DATA SEGMENT:

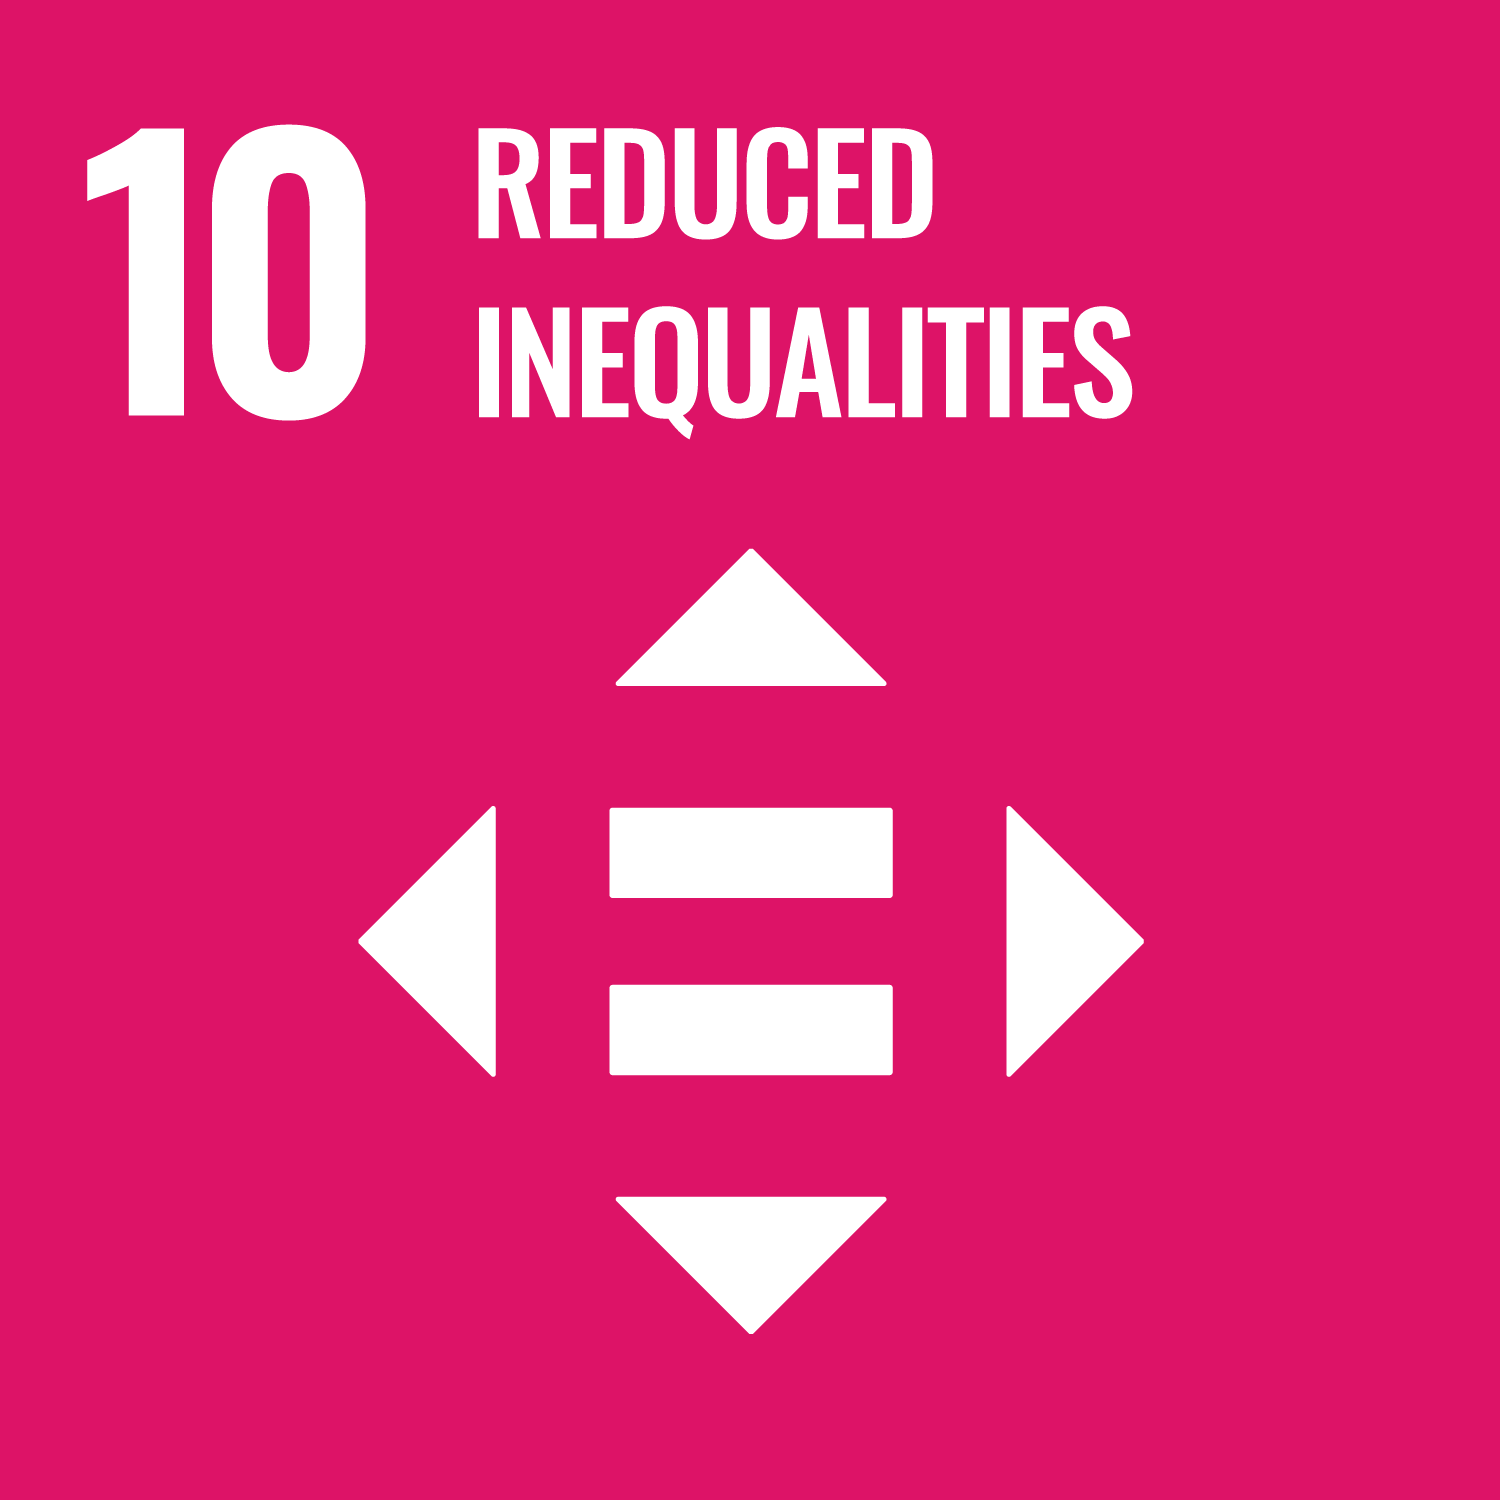 On a pink background, white text reads "10. Reduced equalities". Beneath this is an illustration of four arrows pointing in all directions with an equal sign in the centre.
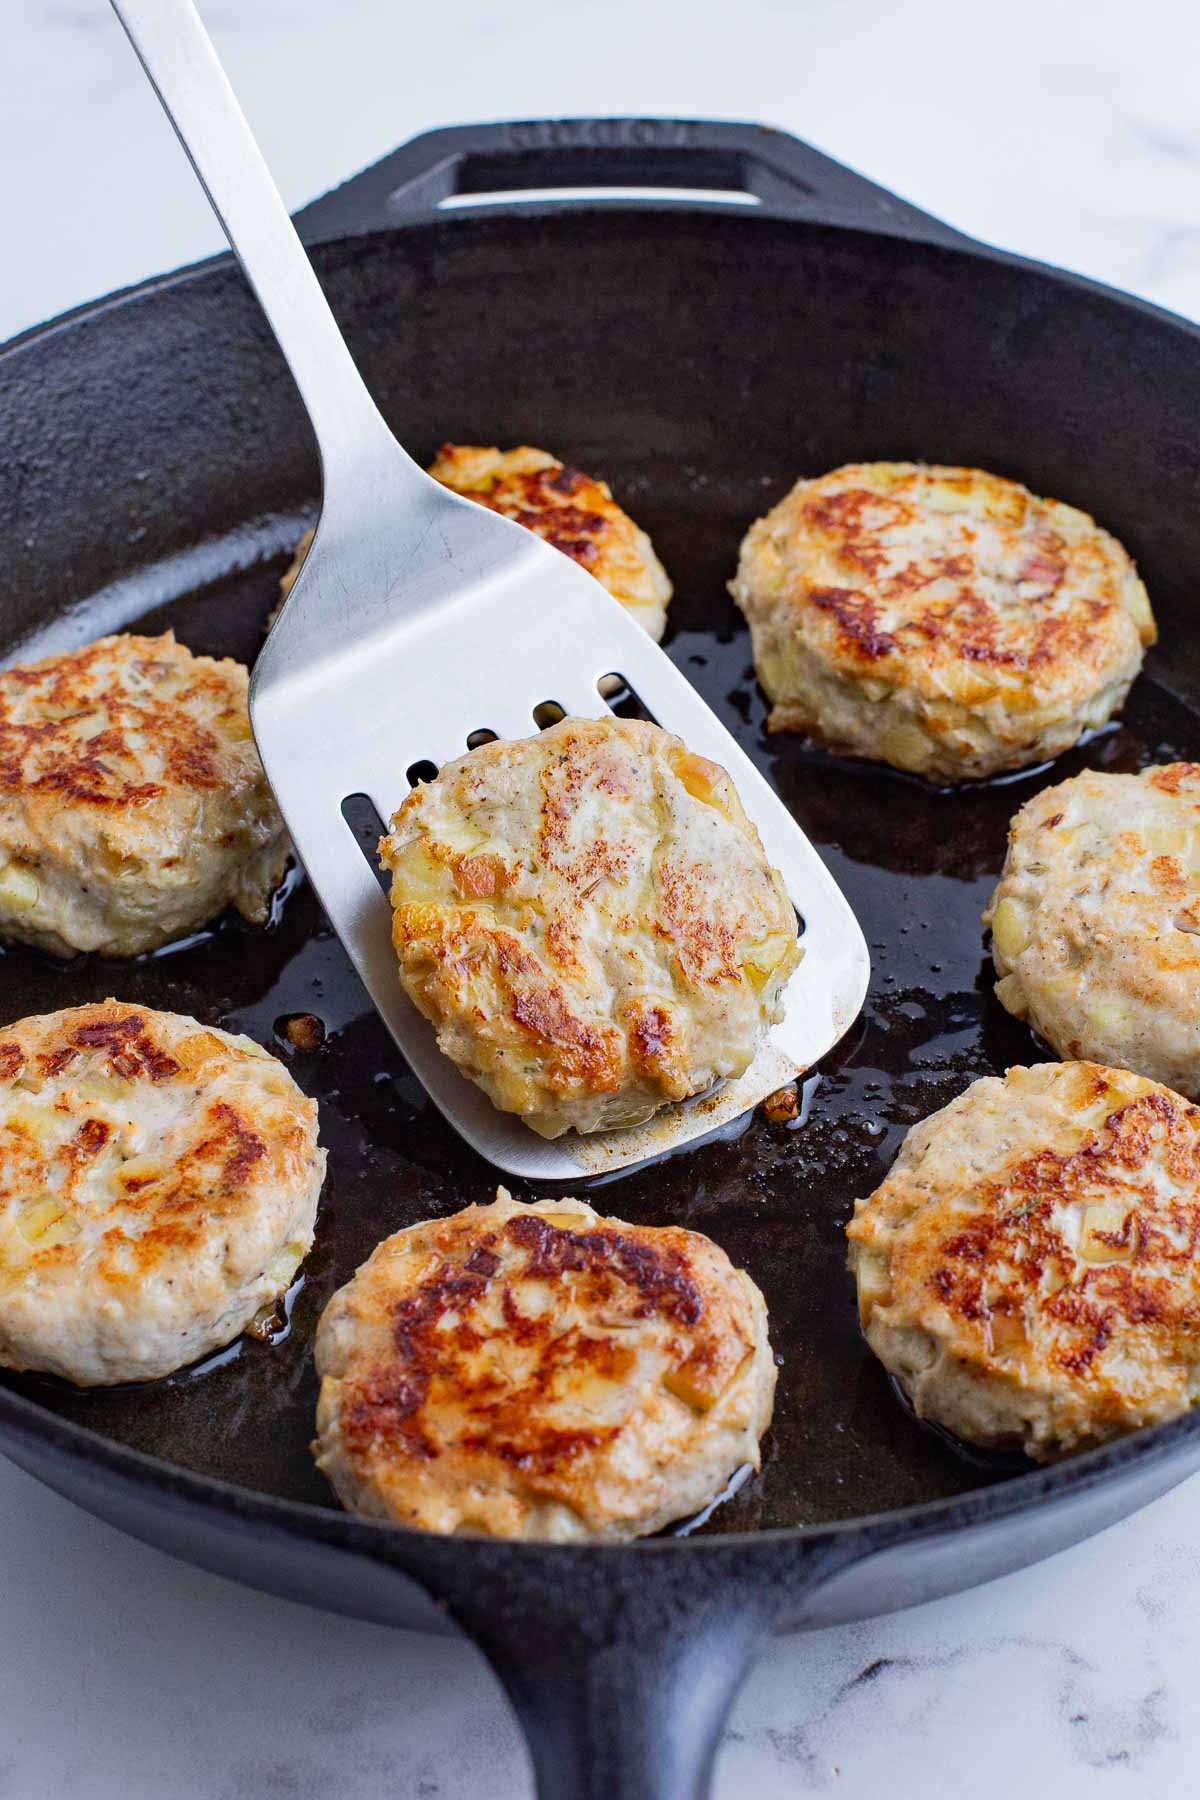 A spatula flips the sausage patties during cooking.
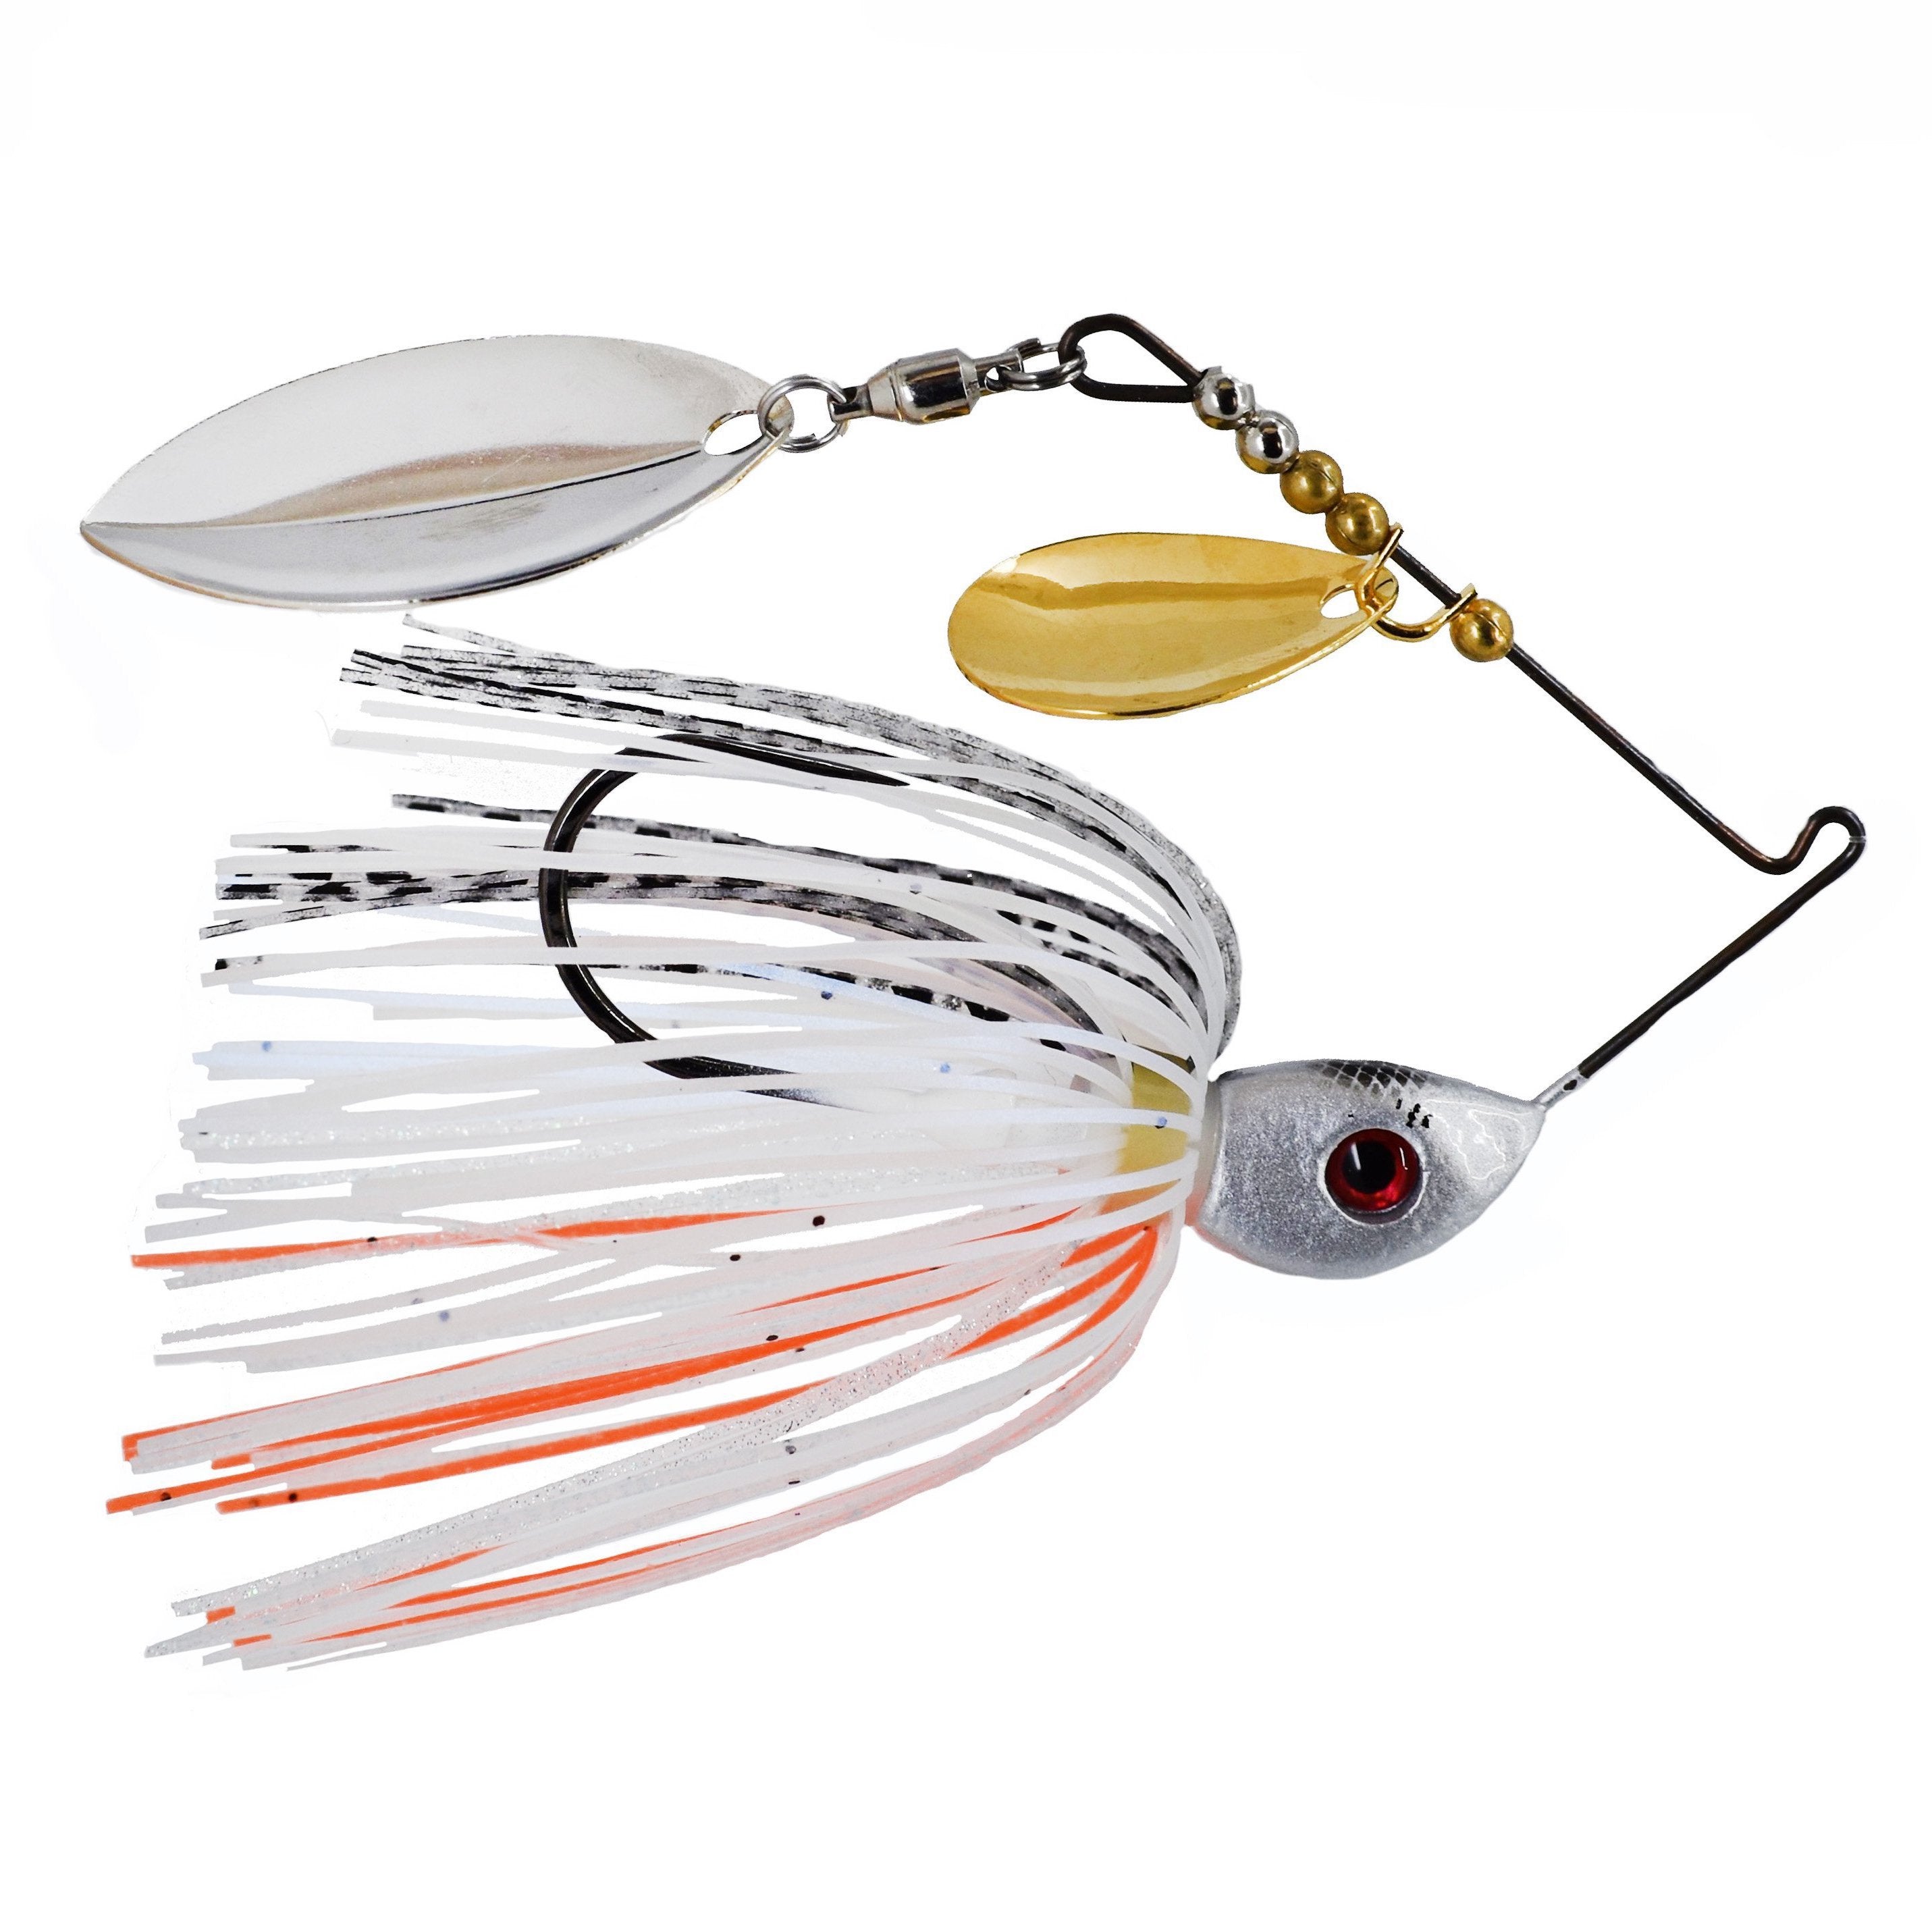 Spinnerbait - Selecting the Best Spinnerbait Blades

GOAL OF THE EXERCISE: Write the lines above out again exactly, excluding every picture.

TASK ANSWER:
 On a pink background, white text reads "10. Reduced equalities". Beneath this is an illustration of four arrows pointing in all directions with an equal sign in the centre.
 A spatula flips the sausage patties during cooking.
 Spinnerbait - Selecting the Best Spinnerbait Blades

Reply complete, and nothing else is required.